Things are different today.  People are more mobile so generations of families tend to float apart and children are less influenced by generational supports.  They grow up developing the ways of their friends and their friend’s families, babysitters, teachers, television and the internet.  Life has changed and with it we have lost the ability to mold our children.  It has become necessary to pay attention to the direct instruction and modeling of behaviors that are respectful to others and that encourage our children to contribute to each community they are part of as opposed to that community pushing it’s values on our children.  We want our children to have empathy for others, to better their world, and to grow knowing they can influence their environment in positive ways. 
Knowing how to make good choices is essential.  Children have to choose how to respond to others, to discuss an issue, to understand emotions in themselves and others and how to work, play and live in a world community where there are so many choices being presented to them each day.  If a child is given a basic set of rules or a system for making choices and knowing expectations, they will feel more confident and less anxious.
Long ago, children knew where and who to go to for confirmation, support, and encouragement.  Today children often only have their immediate family, and a circle of people who live on the periphery of their family and are less likely to have the same concern as extended family.  This compounds the need for parents to pick and choose who will influence their children.  It requires families to pay attention to those people in their children’s lives who value what they value.

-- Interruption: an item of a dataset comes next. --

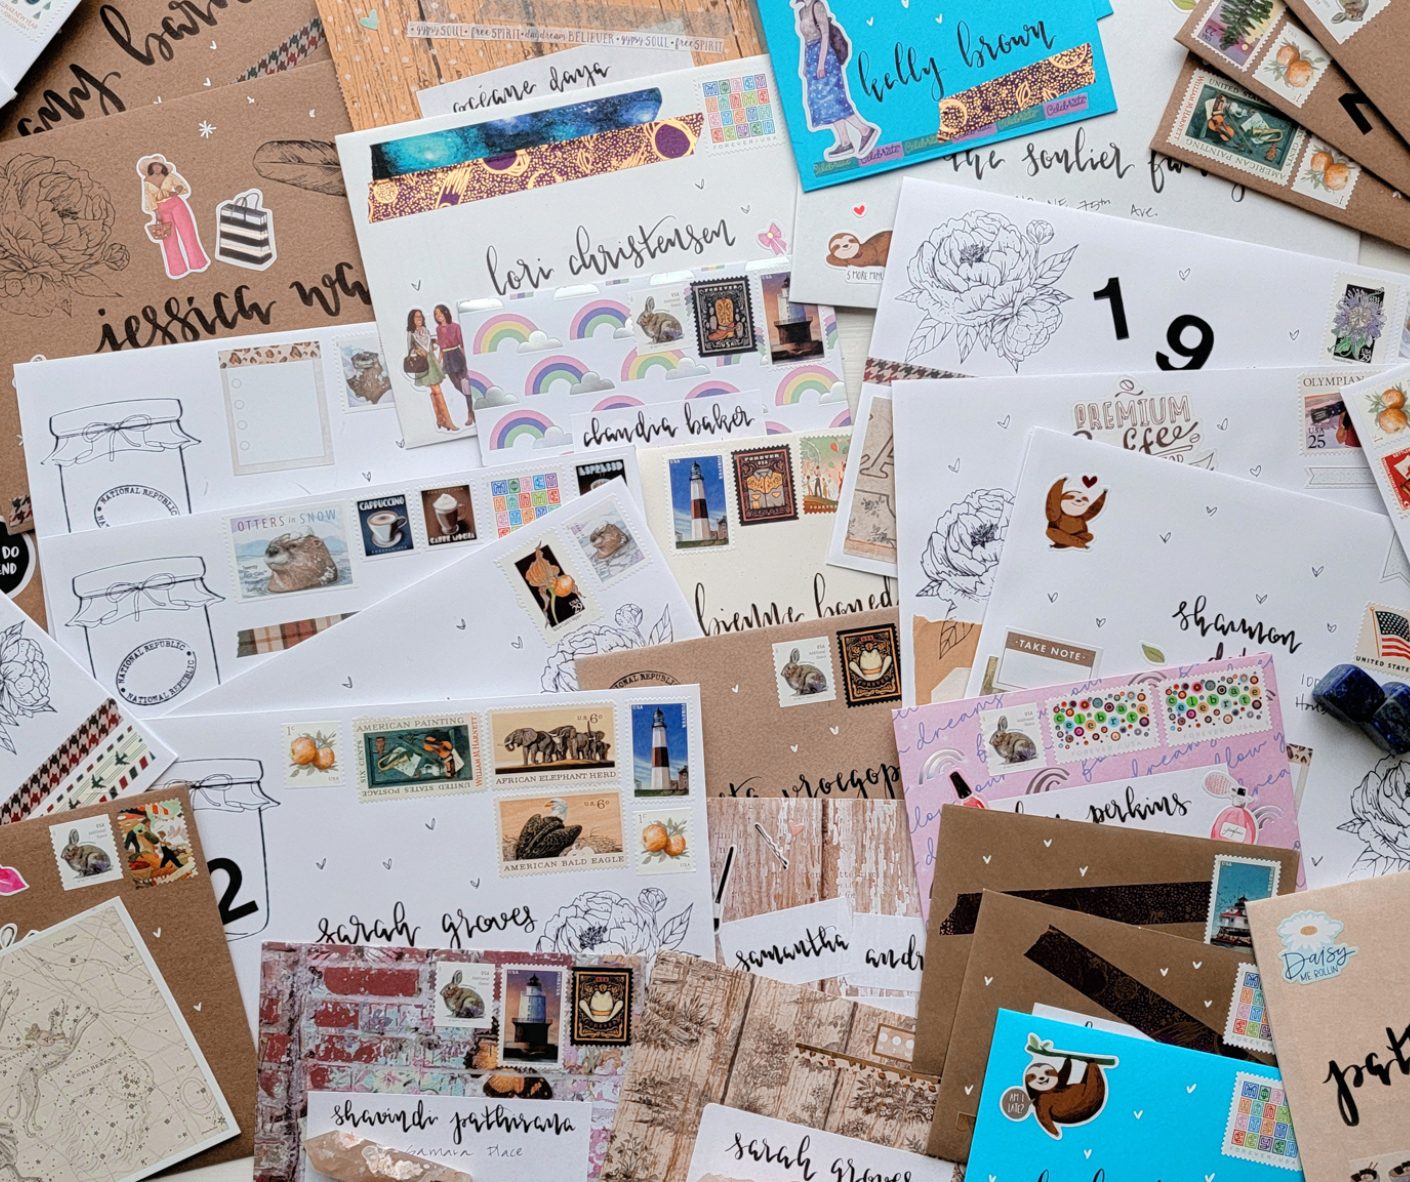 Module 1: Collection of Best Practices of artists involved in Mailart

Tuesday, February 14, 2017

How Do Children Learn Success?


Few parents really think their child will grow up to be a successful adult without teaching them how to attain that goal.  We send kids to school year after year to excel in academics, but what do we do to make sure they have social skills, confidence, and etiquette, which are all necessary for success?   

Very little is the answer to that question.  Somehow, we think our children will just absorb what they need to know naturally as they grow.  Waiting for that to happen is a mistake and your child will pay for that mistake.  Children need to be taught and shown manners, social skills, appropriate communication skills and they need to be guided as they build confidence, increase emotional intelligence, and people skills. 

It is important for parents to know and access training that will give their child the boost they need to fully become a successful adult and not sit by and merely hope it happens.  Unless parents make the effort to teach their own children what they need to behave appropriately in all situations, they need to seek out specific training by a professional who does these on a regular basis.  Once children have learned skills they are ready to practice those so that when they become adults well versed in behavior that emits success. 
In 1999, in The Journal of Educational Research, Vol. 92, Issue 6, Greg Brigman and others, presented the article “Teaching Children School Success Skills.”  This study pointed out the success of children in specific schools that added the direct instruction of behaviors that increase listening, attendance, and social skills.  The research showed children who got the direct instruction in these “nonacademic” skills significantly increased performance in school.

Children who learn and know how to behave will do better in school, and earn the respect and admiration of others.  They will demonstrate more leadership qualities and model effective relational skills.  Give your child that edge in their development through classes that teach such skills and don’t just wait for them to soak up those skills naturally.  Help your child take their dreams. to reality.